D'abord une tournure d'esprit, qui entretient ce que Helga Nowotny appelle le "processus" de la recherche. Les tendances comportementales (curiosité, mobilité, décentrement, goût du paradoxe, gratuité), que nos jeunes chercheurs incarnent et décrivent avec humour ou avec tendresse, ne sont pas autre chose que les vecteurs d'un mouvement calqué sur la vie, et qui emprunte au vivant son caractère dynamique. Autrement dit, il ne nous est pas interdit, que nous soyons chercheurs de métier, dilettantes, ou simples amateurs, d'entrer nous-mêmes dans ce mouvement.

Helga Nowotny ne dit pas autre chose dans son livre (The cunning of uncertainty, Polity Press, 2015) sur les ruses de l'incertitude, que je vous soumets avec les propres commentaires de l'auteur repris ci-dessous. Voici ce qu'elle en dit :

Nous vivons une époque qui fait la part belle à des politiques de la peur, qui s'ingénient à susciter délibérément de l'anxiété dans la population à des fins partisanes. Mon expérience professionnelle m'a ouvert les yeux sur la capacité inhérente à la science de se mesurer à l'incertitude. L'incertitude est la force motrice de la science dans la mesure où elle pousse les chercheurs à affronter l'inconnu.
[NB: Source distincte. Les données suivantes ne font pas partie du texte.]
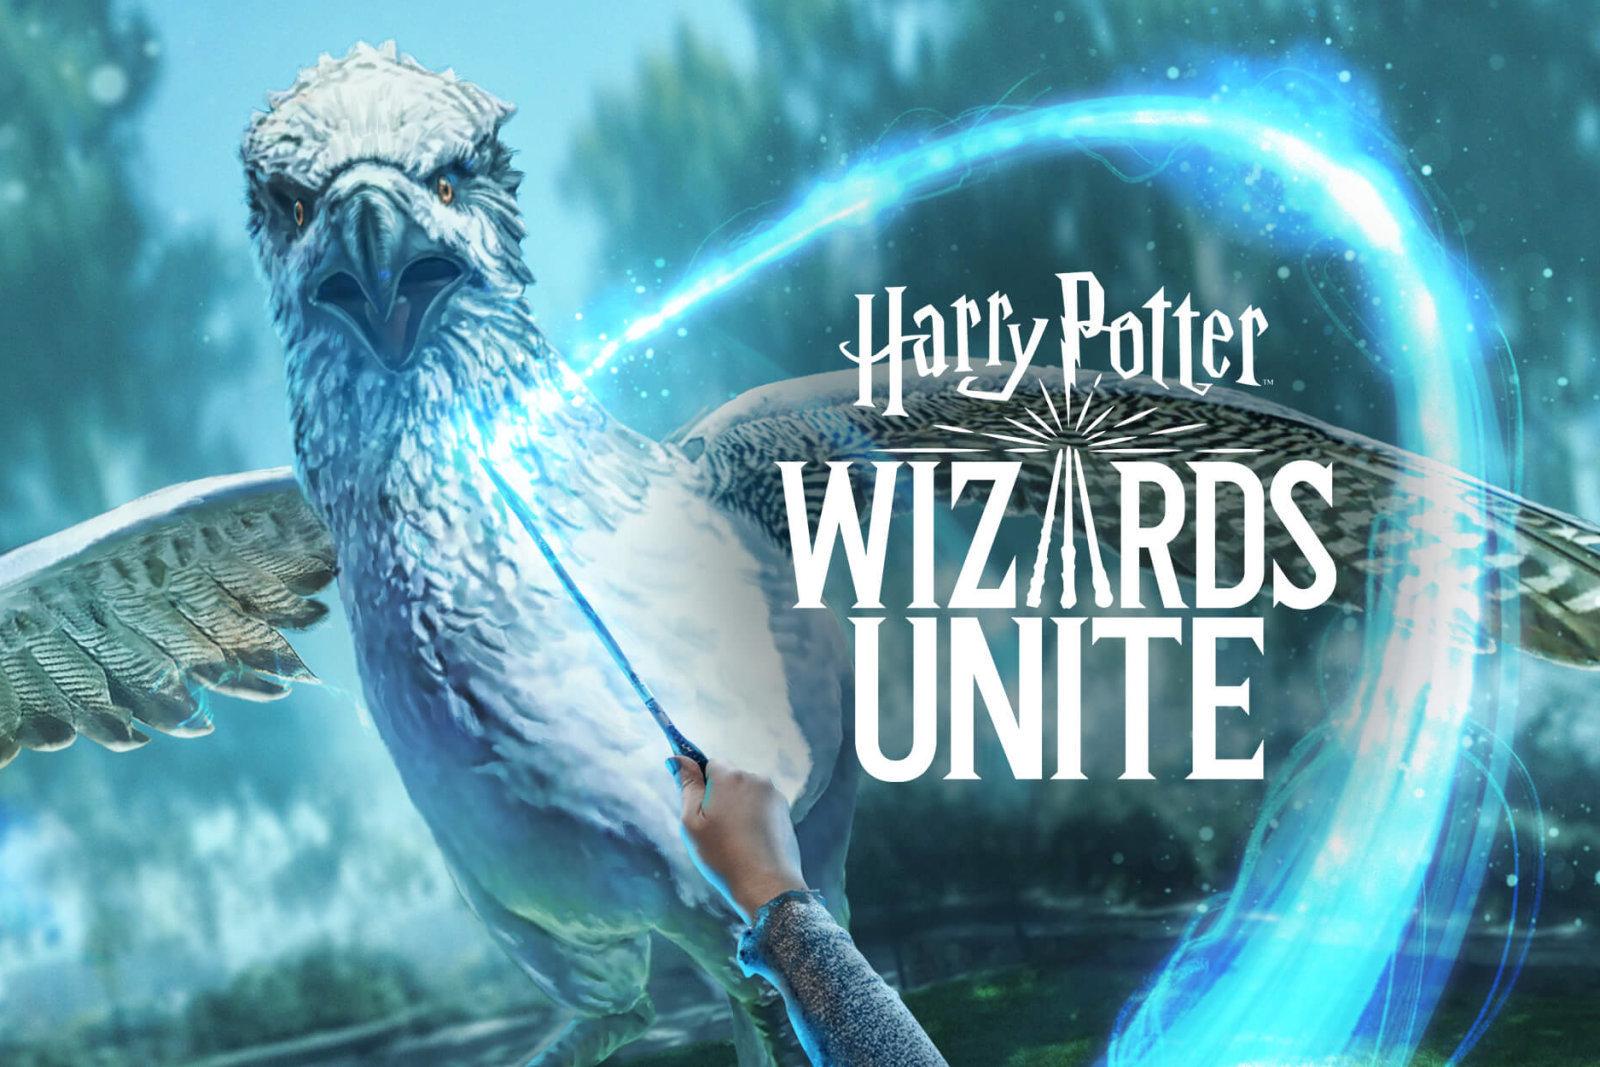 Harry Potter WIZARDS UNITE 画像

Et cependant, la société aspire à un monde bardé de certitudes. Elle met la pression sur les scientifiques pour recevoir des réponses sous la forme tranchée d'un "oui" ou d'un "non". Or, c'est impossible. A la rigueur, un "oui" sous tout un tas de conditions. Ce n'est pas seulement une question d'honnêteté, mais de réelle nécessité que celle de parvenir à intégrer l'incertitude dans nos vies.

Je suis très claire là-dessus dans mon livre : si on se laisse gouverner par la crainte de l'imprévu, on fait barrage à tous les possibles dont l'avenir est porteur. Je parle de "ruse" comme d'une métaphore décrivant comment nos plans s'écartent de la ligne droite que nous leur avions dessinée, afin que nous apprenions aussi à jouer de la force subversive de l'incertitude. Si seulement les gens pouvaient se rendre compte combien les ruses de l'incertitude se présentent en réalité comme le moyen de découvrir tant d'autres dimensions, qui échappaient à notre imagination planificatrice.

 J'ai pour ce livre deux publics : les chercheurs que j'encourage à ne plus minimiser l'incertitude, qui est l'essence-même du processus de recherche; et la société qui entretient des peurs, sans avoir pris conscience qu'elle met ainsi en scène des risques liés aux acquis des sciences et techniques, mais qui n'ont rien à voir avec le risque désirable de découvrir du nouveau, donc de l'impensé.

La vie est incertitude. La seule certitude est la mort. Ou le changement ... ce qui n'est pas incompatible.

(Note de la rédaction: il s'agit d'une traduction libre mais honnête d'interviews recueillies auprès d'Helga Nowotny à l'occasion de la sortie de son livre en 2015).